Even before the war in Ukraine of 2022 and even before the ‘Russian-hackers-undermine-US-democracy’ campaign of 2016, Russian-American relations had degraded to a level not seen since the 1950s. Why? Today the US has fewer ideological disagreements with Russia than it had with the USSR during the Cold War. Nowadays Russia is a capitalist market economy and a more democratic country than the USSR. Also, Russia is much weaker than the USSR – the size of its population and territory, and economic and military potential are about 60 to 80 percent of that of the Soviet Union. Its influence simply cannot be compared to the global impact of the USSR. But today the rhetoric and the actions of the US towards Russia are much harsher than they were in the 1970s, in the era of détente.

The case in point is 1968 Czechoslovakia crisis, when the USSR together with its Warsaw pact allies moved the troops into the heart of Europe, de facto replacing the old leadership of the country with a new pro-Soviet regime. Not only the West refrained from imposing sanction, it started the détente only 3 years later. But sanctions were imposed in 1980, right after the Soviet Union moved the troops into Afghanistan in 1979, and in 2014 after Crimea became part of Russia. Why the difference?

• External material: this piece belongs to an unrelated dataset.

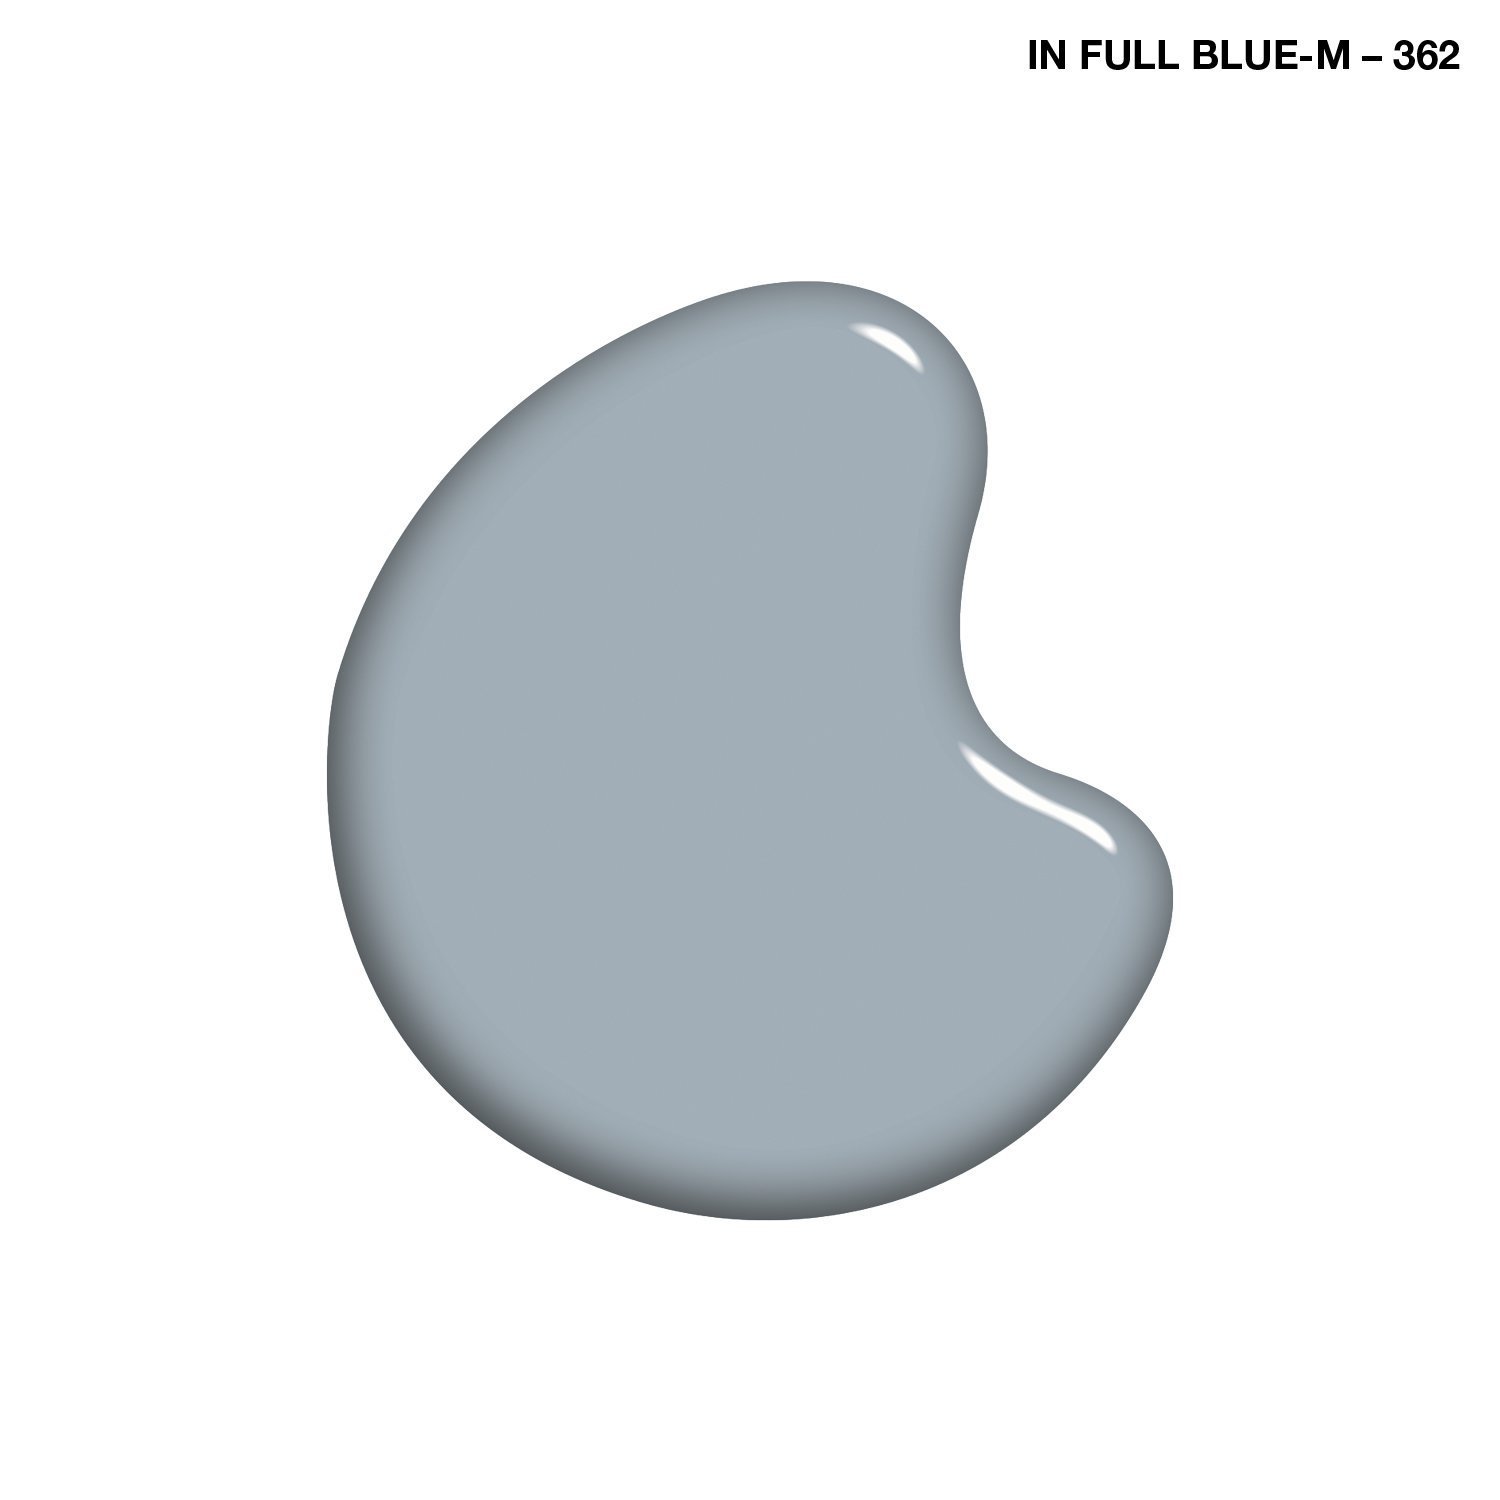 Sally Hansen- Complete Salon Manicure In Full Blue-m 0.5 fl oz - image 4 of 4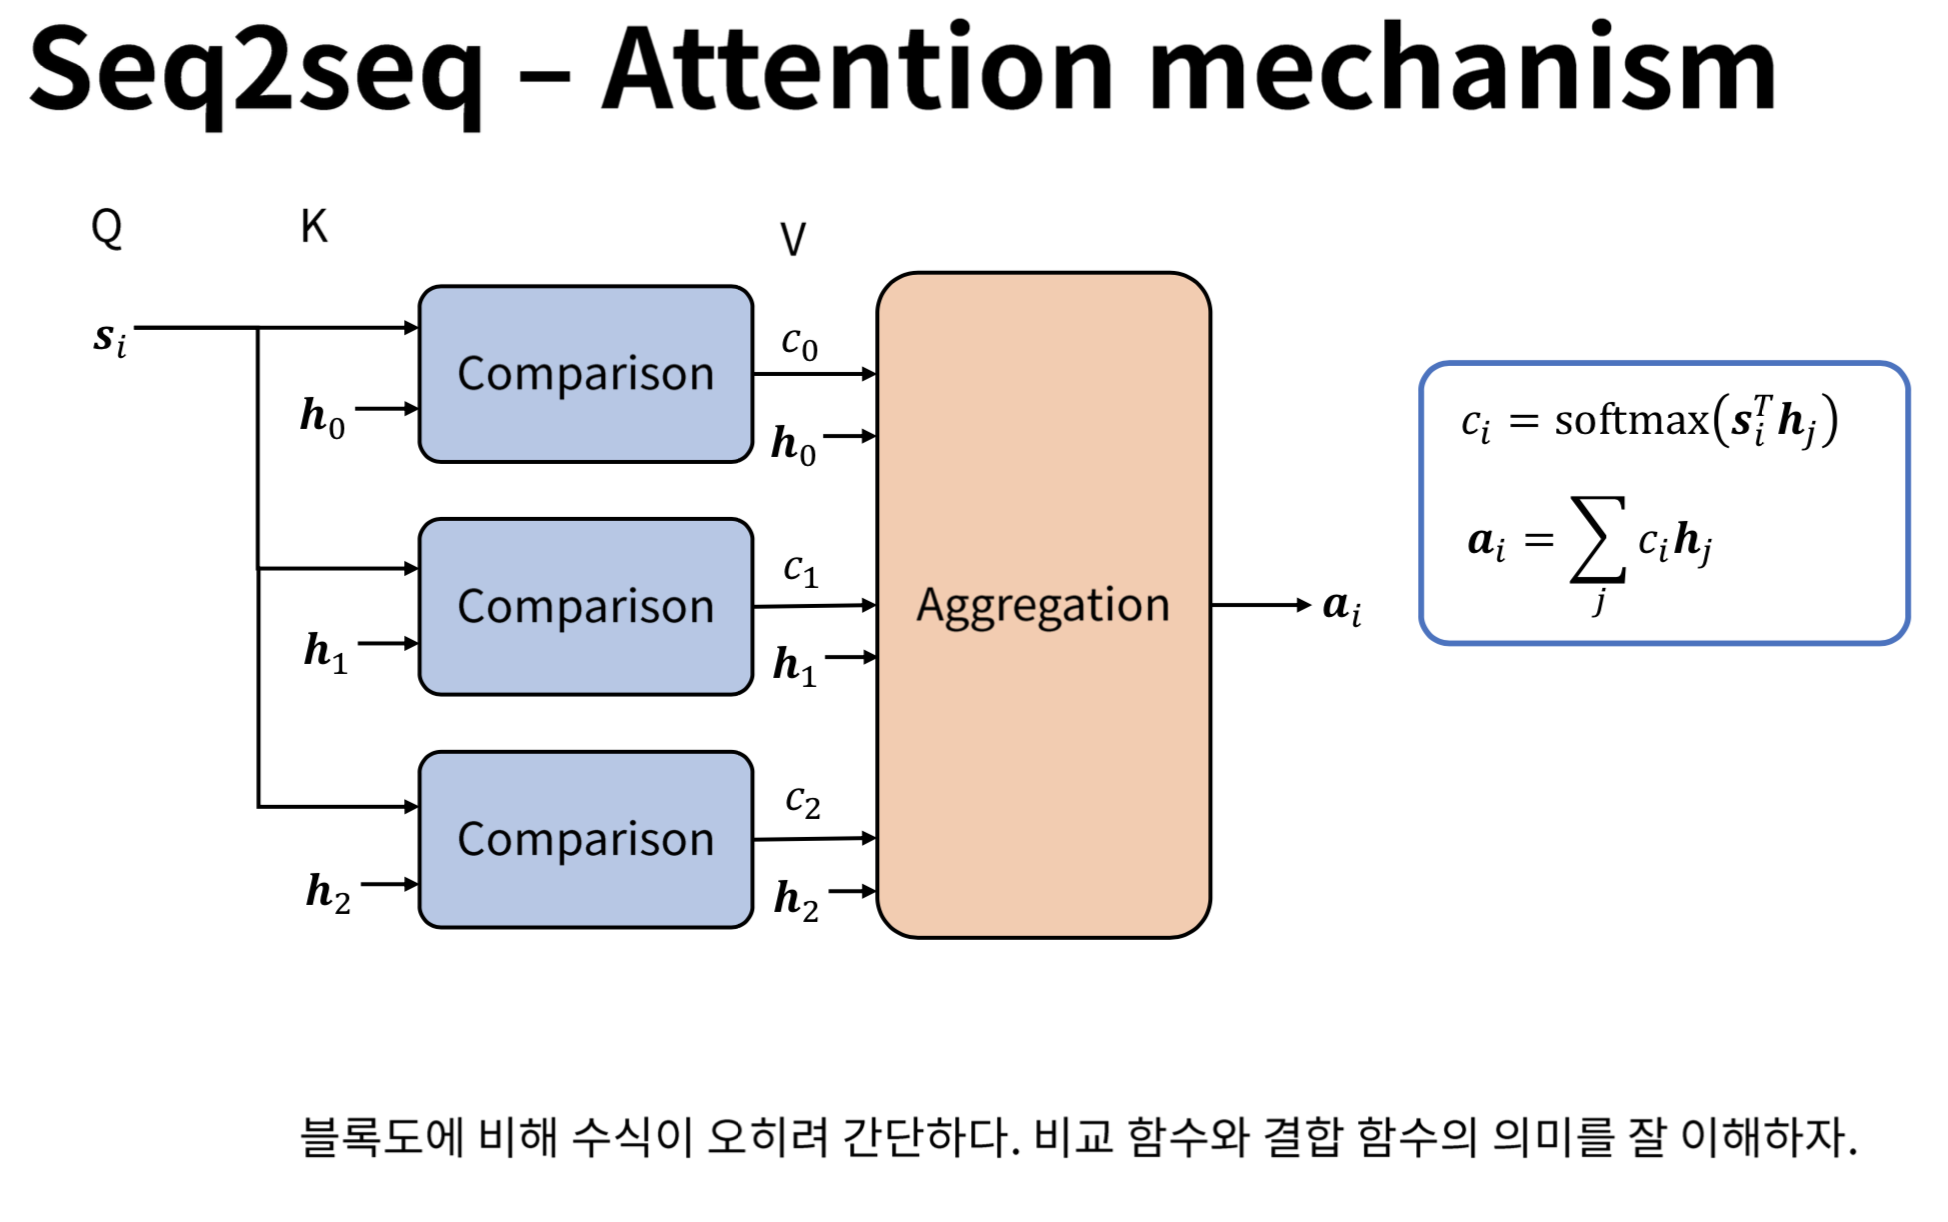 Seq2seq - Attention mechanism

It is argued that the US and Western policy towards USSR/Russia is driven by perceptions of the political class about the prospects of the strengthening/weakening of the regime. In the 1960s it was perceived that the role of the USSR will continue to rise in the world economy and international politics, so there was a need to find modus vivendi and rules of co-existence, which eventually resulted in détente. In the 1980s, however, and especially in the 2010s it was perceived that the USSR/Russia is not catching up with the West economically and is likely to be on the decline, not on the rise.